Making plans when ambiguity reigns

Note: This article is not intended as legal or regulatory advice.

Questions and concerns about how stimulus funds are being distributed – and spent – are growing, changing with each new announcement from the government.

How do hospitals keep up with a situation that seemingly evolves by the hour, especially when the situation isn’t just the medical realities of an evolving viral pandemic but also the response to it?

We recently talked to Martie Ross, Office Managing Principal in the Kansas City office of PYA to break down some of the opportunities and nuances in the various stimulus funds coming online – and the situation evolved even in the 24 hours following our conversation after HHS began distributing some of the funds. Ross and her PYA colleagues have dissected some of the requirements around those funds here, but even now ambiguity remains. With all the confusion, frustration and scrutiny, what are some general considerations for providers to ensure that they stem the bleeding now and take advantage of opportunities to position themselves for the future.

Highlights:

  • No matter where you are in the COVID-19 cycle, begin planning now for post-COVID-19 operations
  • Consider cementing any changes made to how you deliver care; e.g., telehealth and outpatient services
  • Keep records of everything so you’re prepared to answer questions later
  • Don’t just focus on federal funds for recovery

Plan now for re-opening the shop

There’s probably nothing scarier than having an idle medical community because you’ve got high-end specialists who have been shut down and frustrated in that circumstance. But now, as hard as it is to get your mind around it, is the time to do some planning.

Plan for what does happen when they let us come back online. You have a huge backlog that’s growing every day. Ask, ‘How are we going to titrate and which procedures go first, which are the most critical?’ That decision needs to be made locally. No one should be dictating that. It’s the medical staff working with administration to talk through the restart.”

(Permanently?) shift to alternative models of care

No one wants to go to the doctor’s office now. You have to figure out how to provide those services via telehealth. It’s going to take a lot of patient outreach, especially with older patients. They’re going to be challenged by it.

CMS has been great in relaxing the rules and providing reimbursement. Fingers crossed the commercial payers will follow suit. So, figure out either how to do audio/visual appointments, which are true telehealth visits reimbursed the same rate as a face-to-face visit for Medicare purposes, or just telephone visits. There is lower reimbursement available for phone consults, but at least it’s something to cover the time in those circumstances.”

Take good notes

It’s going to get dicey when relief funds start showing up that are not specifically tied to a program. What happens when you open your bank account and there’s $2 million that CMS deposited? How will you be accountable for those? If I was a provider, I would be prepared to tell the story of how that money was spent to maintain access to care.

Every health care provider has a lot of needs – infrastructure needs, staffing needs. Having the dollars available now presents a great deal of temptation. But I think that money should be viewed as access to care. Certainly, it means the response to COVID-19 and doing what what’s necessary in terms of making testing available, paying staff hazard pay if appropriate. That will be your front line usage of those dollars.

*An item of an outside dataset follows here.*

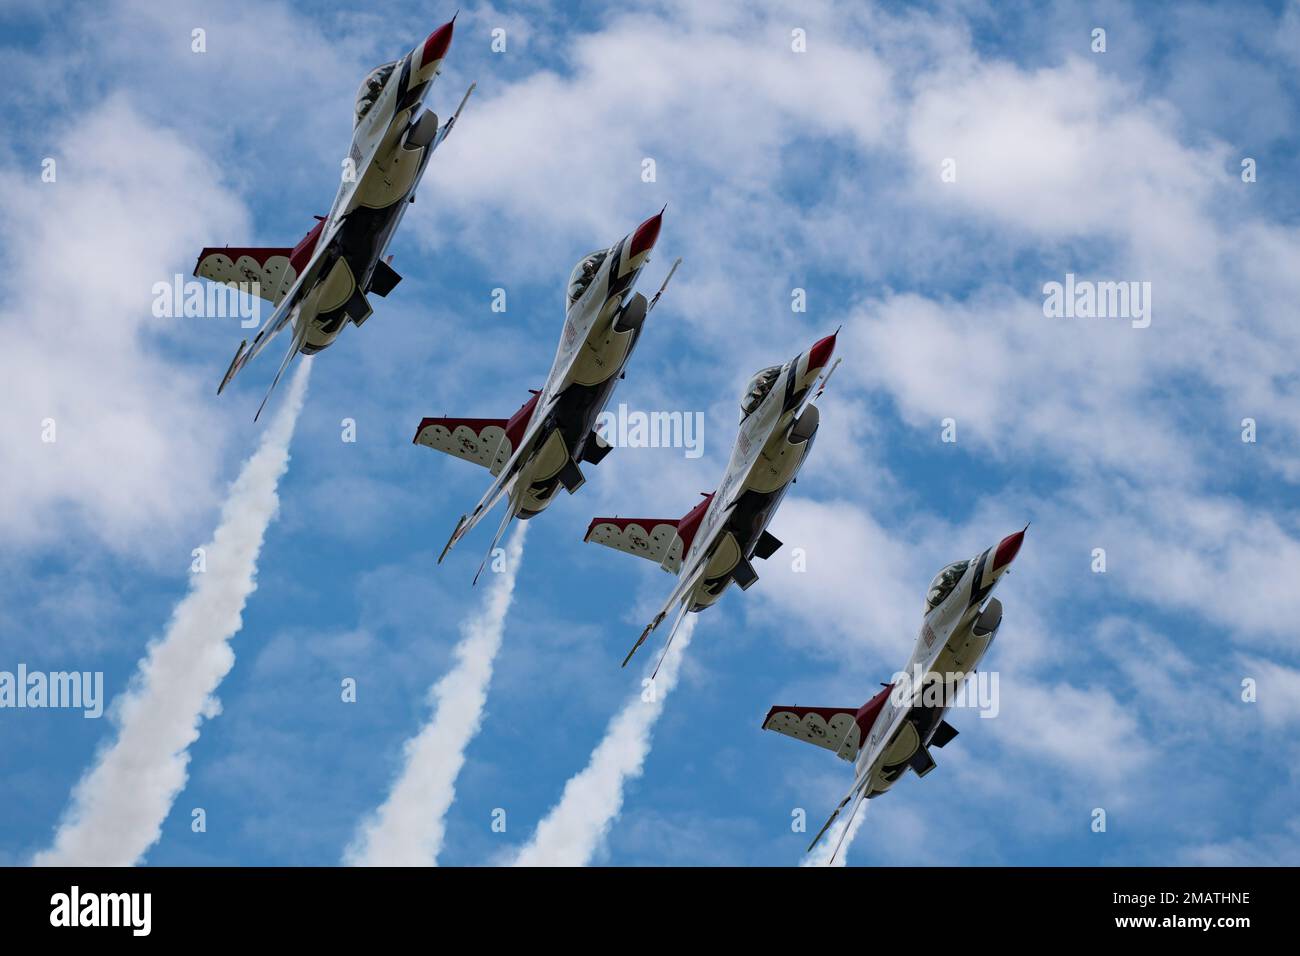 The United States Air Force Air Demonstration Squadron, known as the
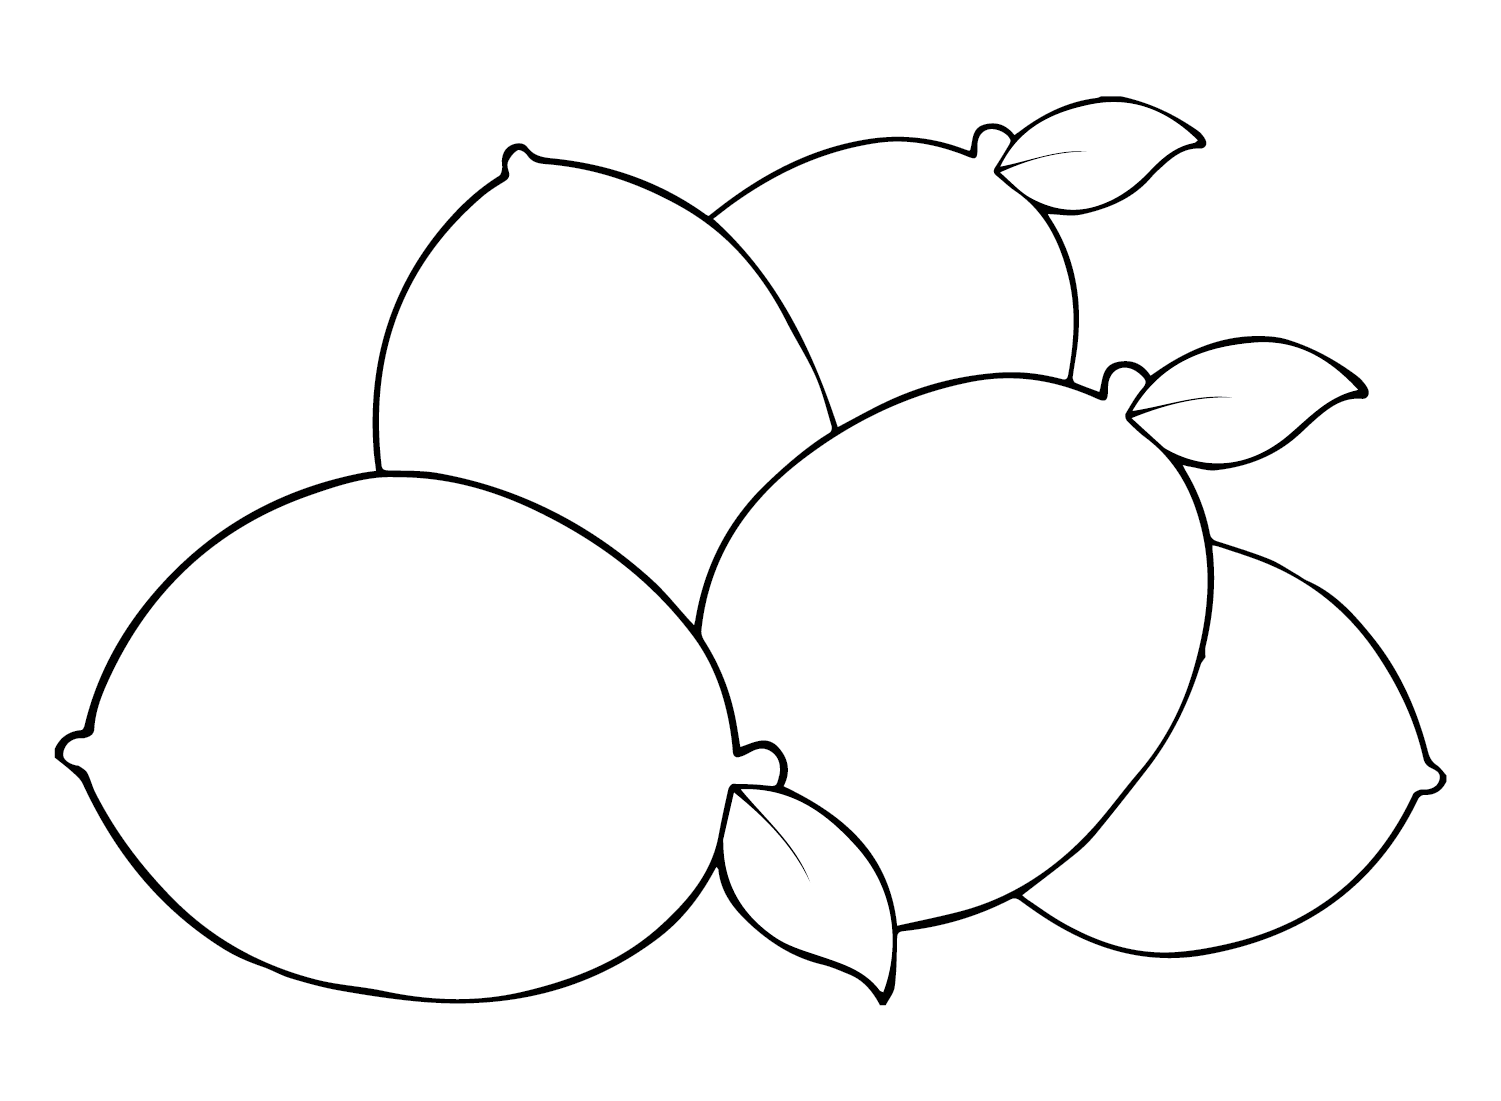 Lemons Images Coloring Page

But it’s also going to be using those dollars to provide access to normal care. So, investments in telehealth, investments in outpatient programs and the like. Let’s not get a black eye with any allegations that funds were misappropriated, and that means you need to be prepared to tell your story.

Add seats around the table

Right now, compliance officers should be saying, ‘I’m here to document our story. If any questions are raised after the fact about what we did, we’ll have the contemporaneous notes that tell us how we got here.’

It’s a brand-new world for most compliance officers to become the storyteller. But they need to be in the room so they know what the story is. That’s going to be the only vehicle by which you’re going to be able to answer any charges in the future that something was misappropriated.

Partner with the community

When it comes to charity care, we can expect some of the dollars out of the “Marshall Fund” to cover the costs of recovered care for uninsured individuals.

Another component is private philanthropy. We have a lot of incredibly effective healthcare foundations in the United States that are the bandages for providers – as providers have needs, foundations can quickly respond.

Most foundations have obligations to pay out roughly 5 percent of their corpus to meet IRS obligations, and most foundations right now are saying ‘to hell with that, we’re going to spend as much of our dollars as we need to right now.’ There are great stories in city after city of what they’re doing financially. They’re so close to the local community, they can plug money in where it’s needed far more effectively than CMS can.

So, healthcare providers should be looking for opportunities to partner with local philanthropy.